*Dataset excerpt*
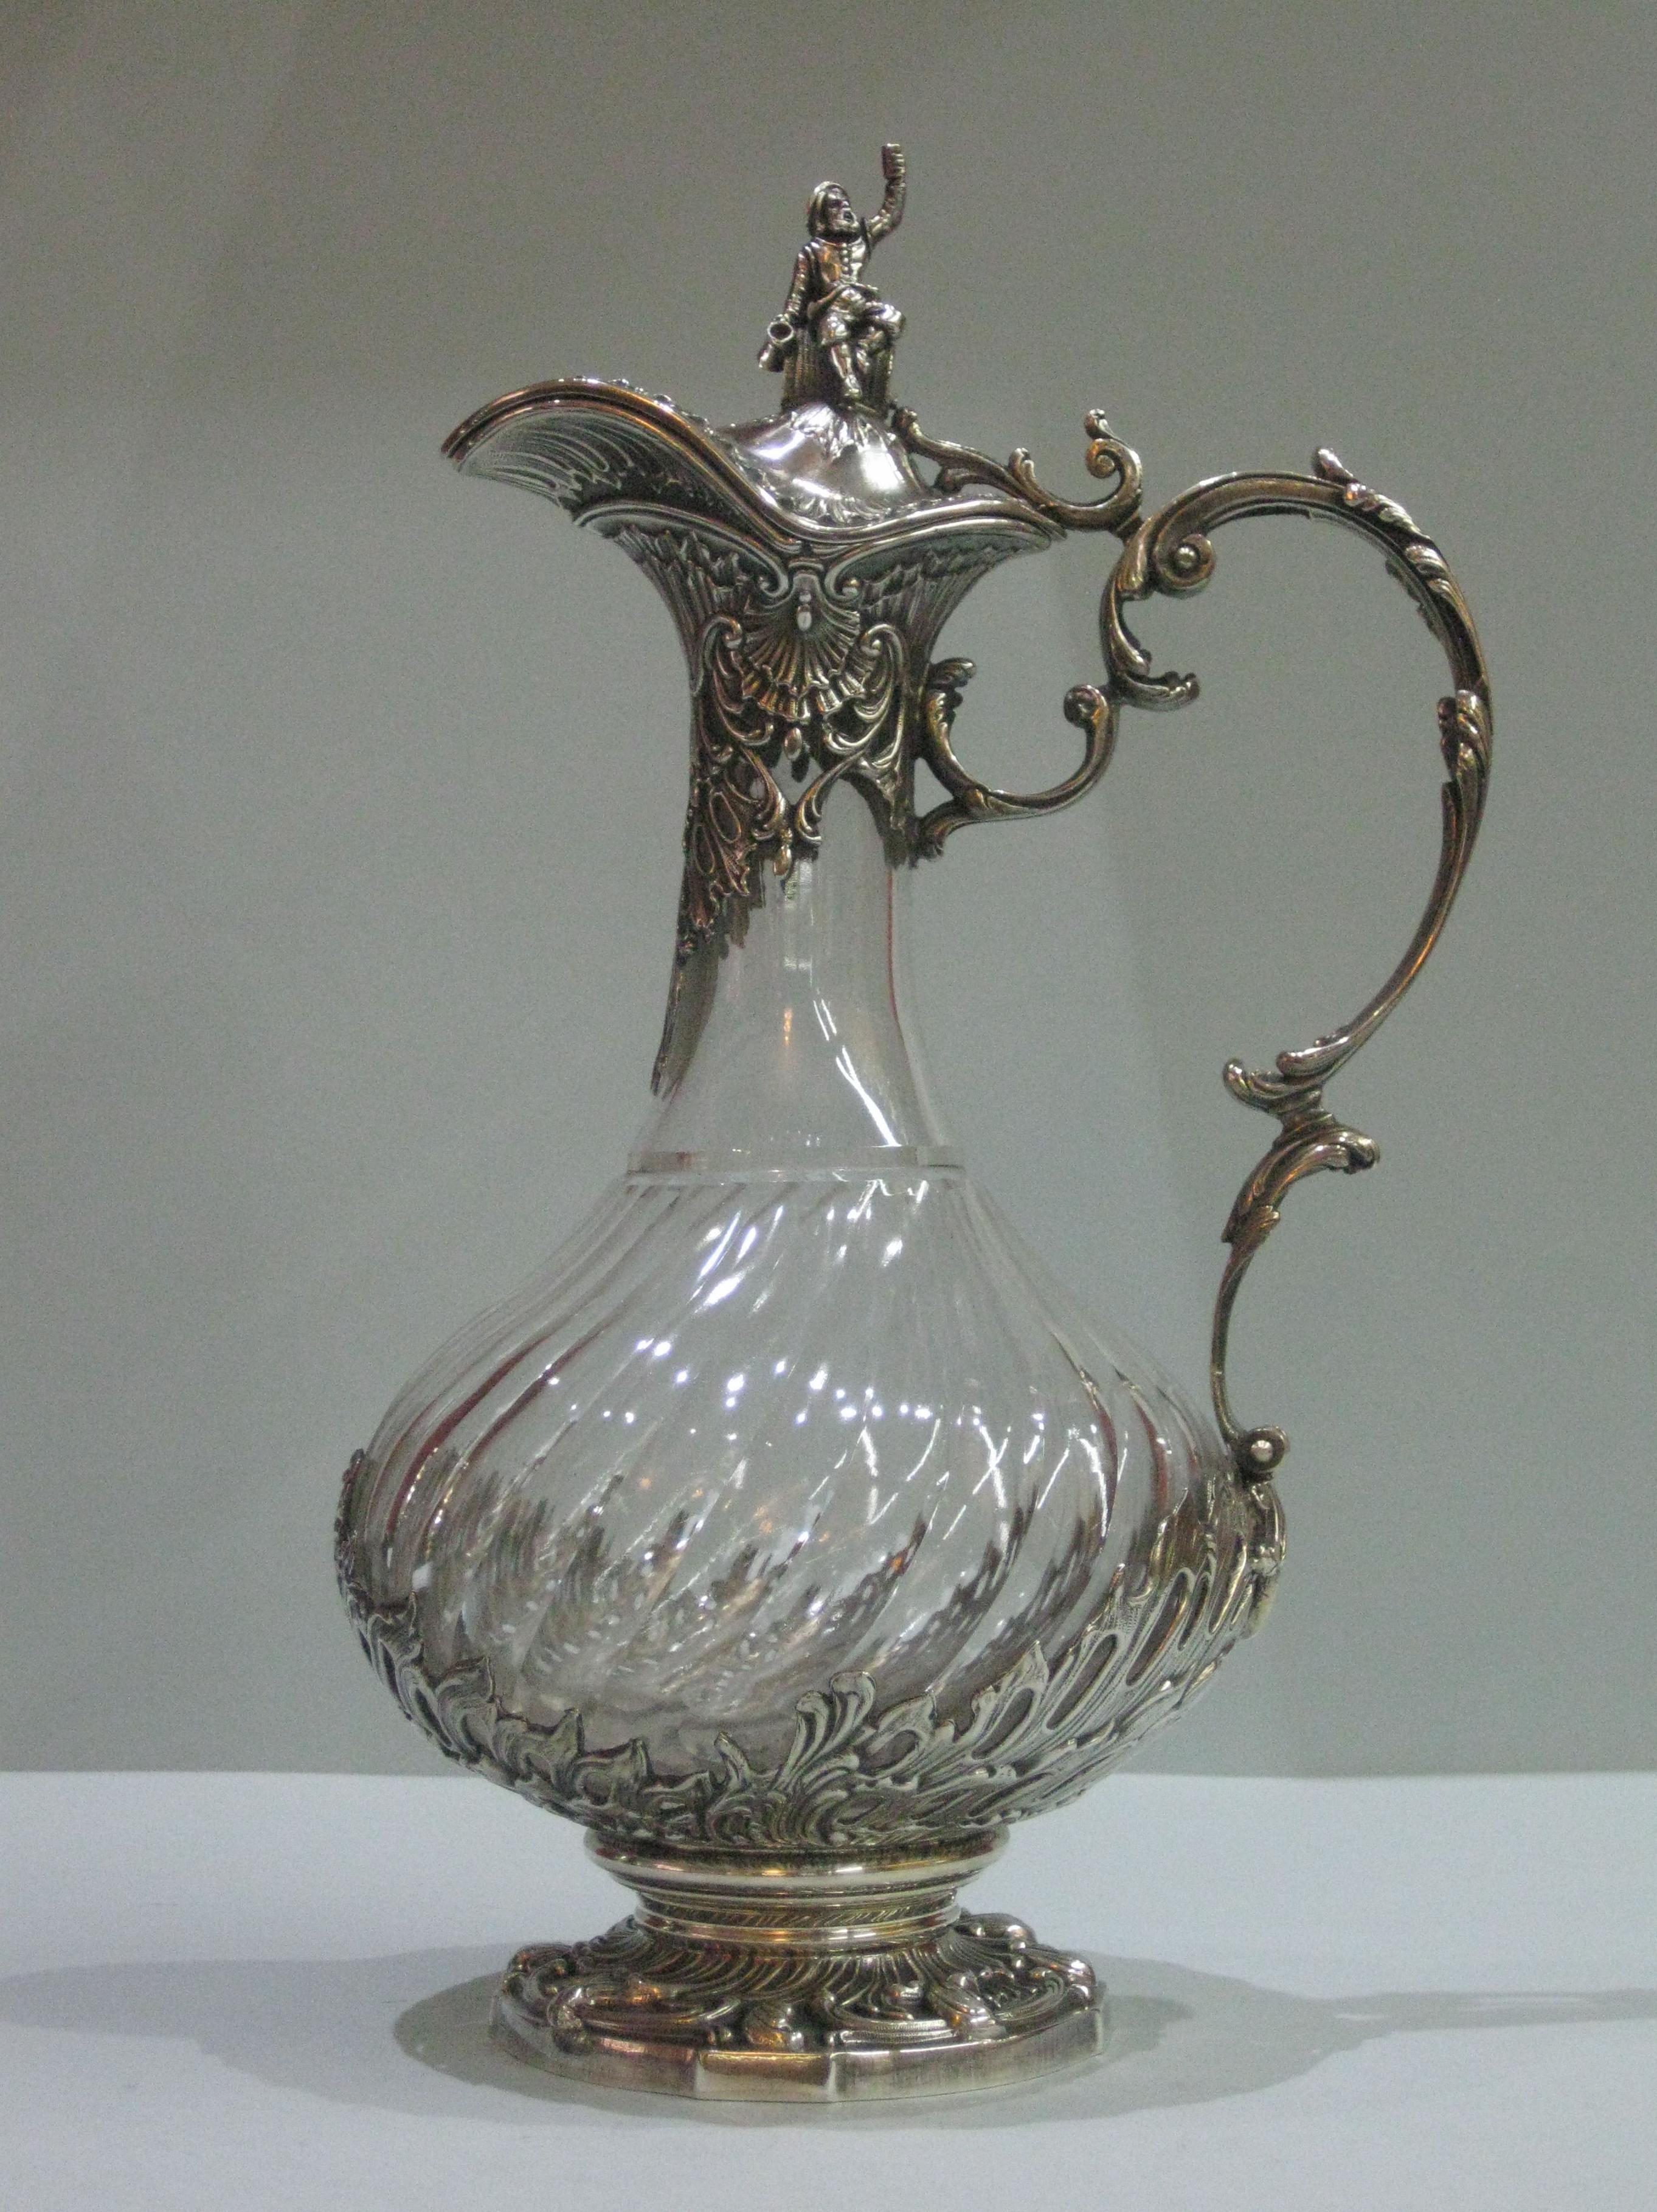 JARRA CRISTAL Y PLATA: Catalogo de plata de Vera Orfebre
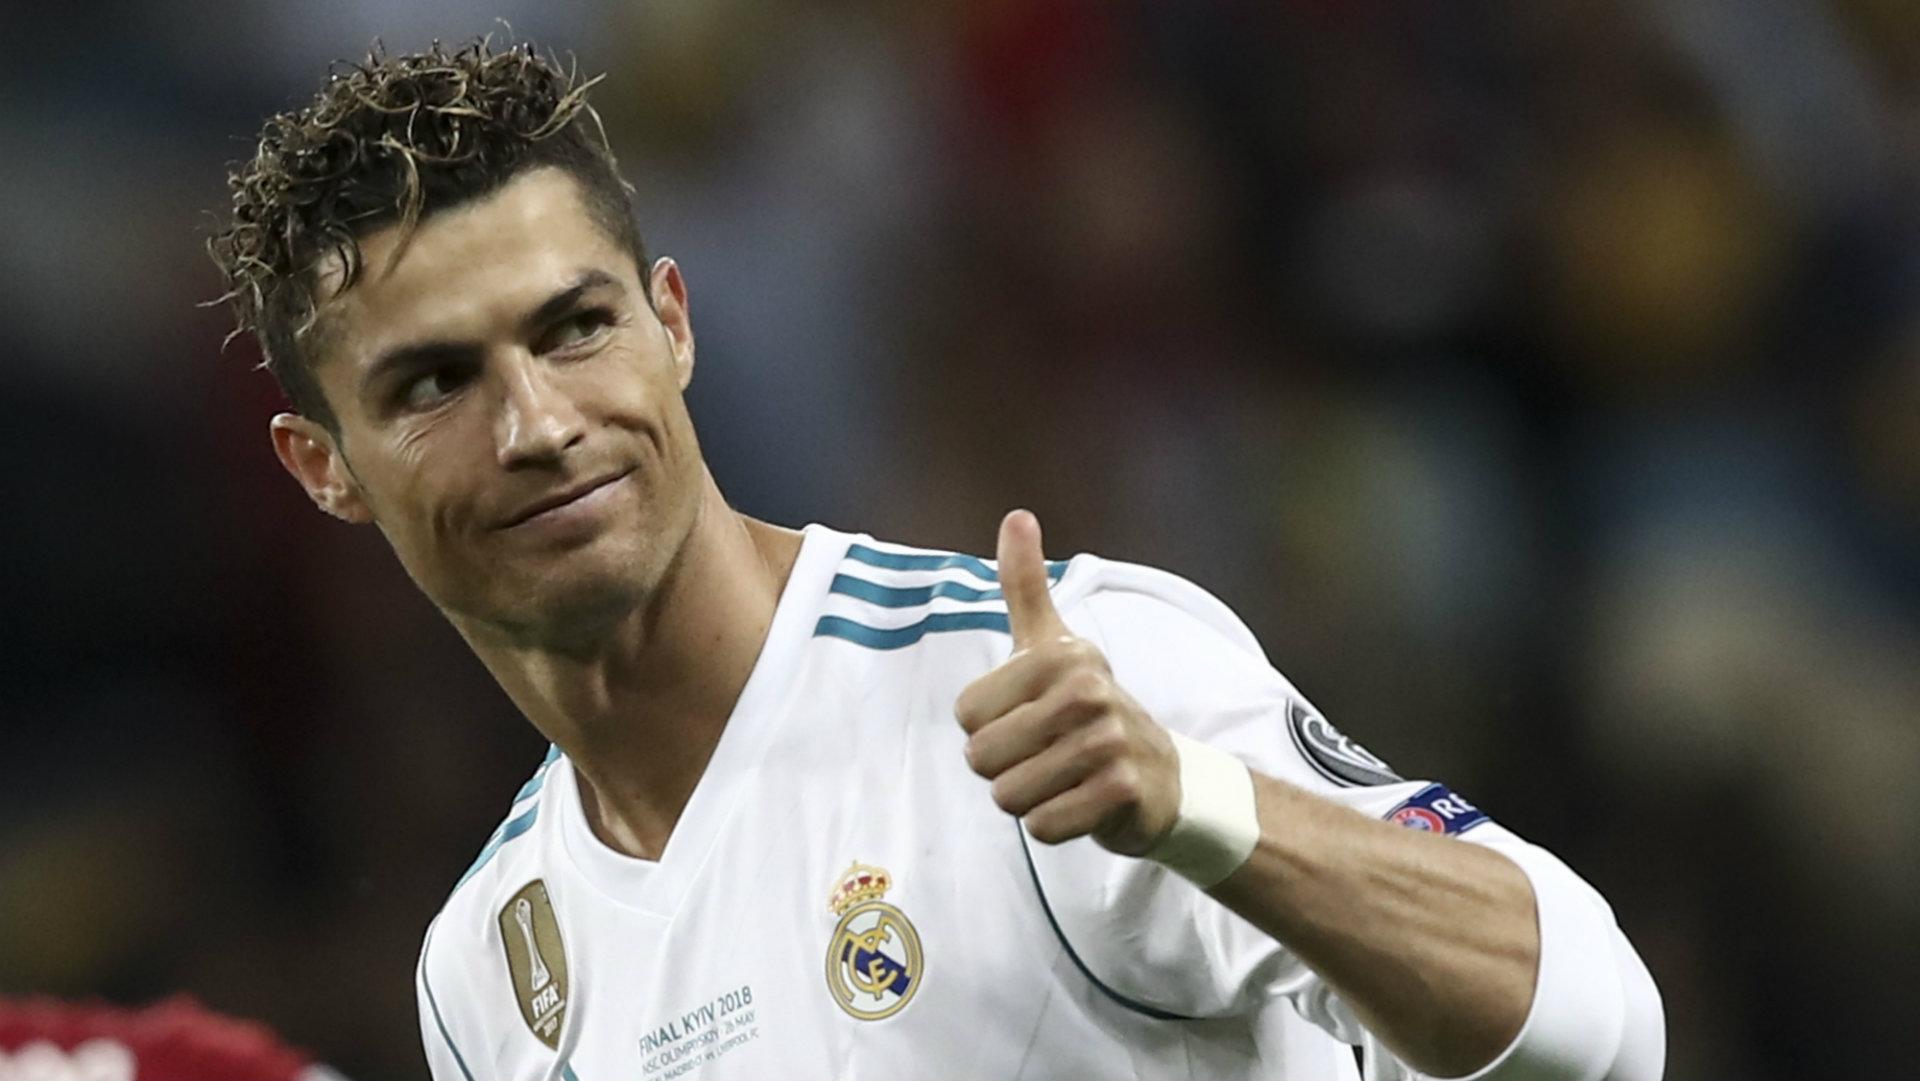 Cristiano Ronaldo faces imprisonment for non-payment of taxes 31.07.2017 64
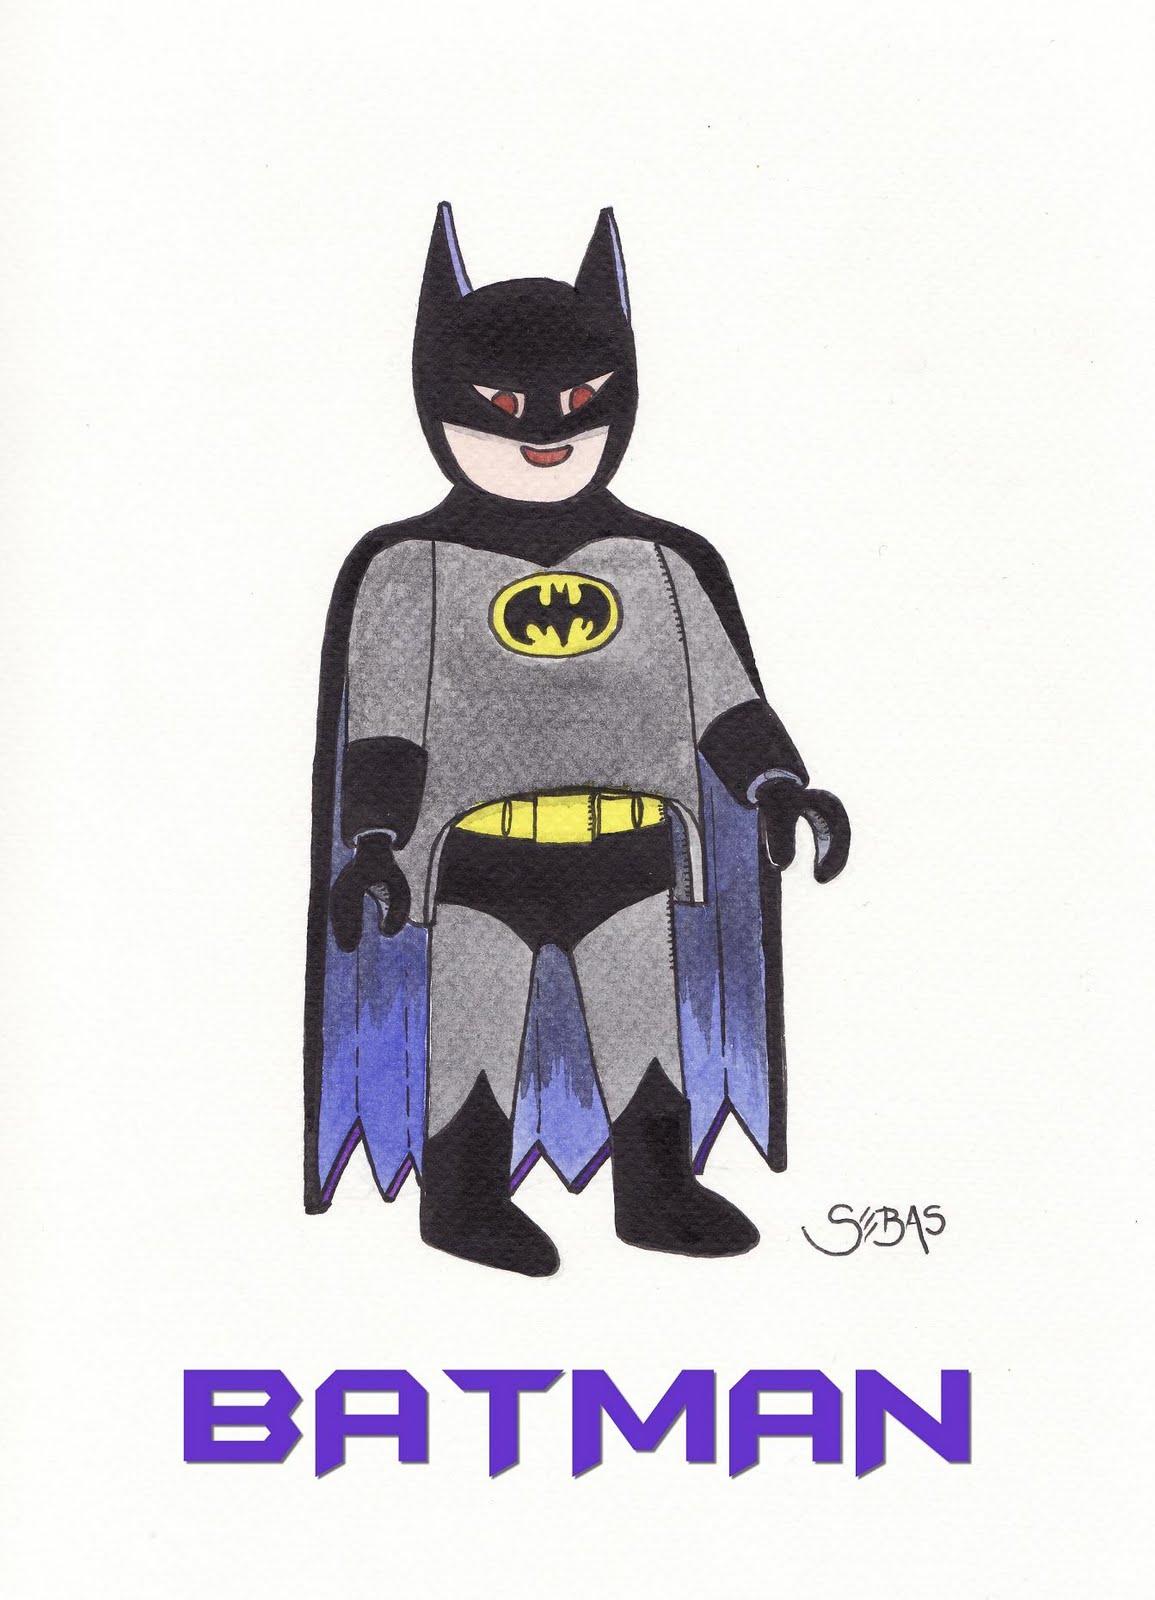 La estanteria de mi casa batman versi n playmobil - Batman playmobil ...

*Exercise instructions*
With the images omitted, repeat all the data word for word.

*Your solution*
 JARRA CRISTAL Y PLATA: Catalogo de plata de Vera Orfebre
 Cristiano Ronaldo faces imprisonment for non-payment of taxes 31.07.2017 64
 La estanteria de mi casa batman versi n playmobil - Batman playmobil ...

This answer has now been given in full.